• **Exercise requirements**
In the listing below, find each line that holds the string "Birthday" and copy it.

Records to process Block Start

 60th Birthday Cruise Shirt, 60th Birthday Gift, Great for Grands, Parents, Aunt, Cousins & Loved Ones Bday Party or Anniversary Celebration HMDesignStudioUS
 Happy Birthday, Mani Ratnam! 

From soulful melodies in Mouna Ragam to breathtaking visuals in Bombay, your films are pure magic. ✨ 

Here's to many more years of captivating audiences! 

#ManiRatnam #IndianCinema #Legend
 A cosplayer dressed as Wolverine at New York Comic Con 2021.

Records to process Block End

• **The answer**
 60th Birthday Cruise Shirt, 60th Birthday Gift, Great for Grands, Parents, Aunt, Cousins & Loved Ones Bday Party or Anniversary Celebration HMDesignStudioUS
 Happy Birthday, Mani Ratnam! 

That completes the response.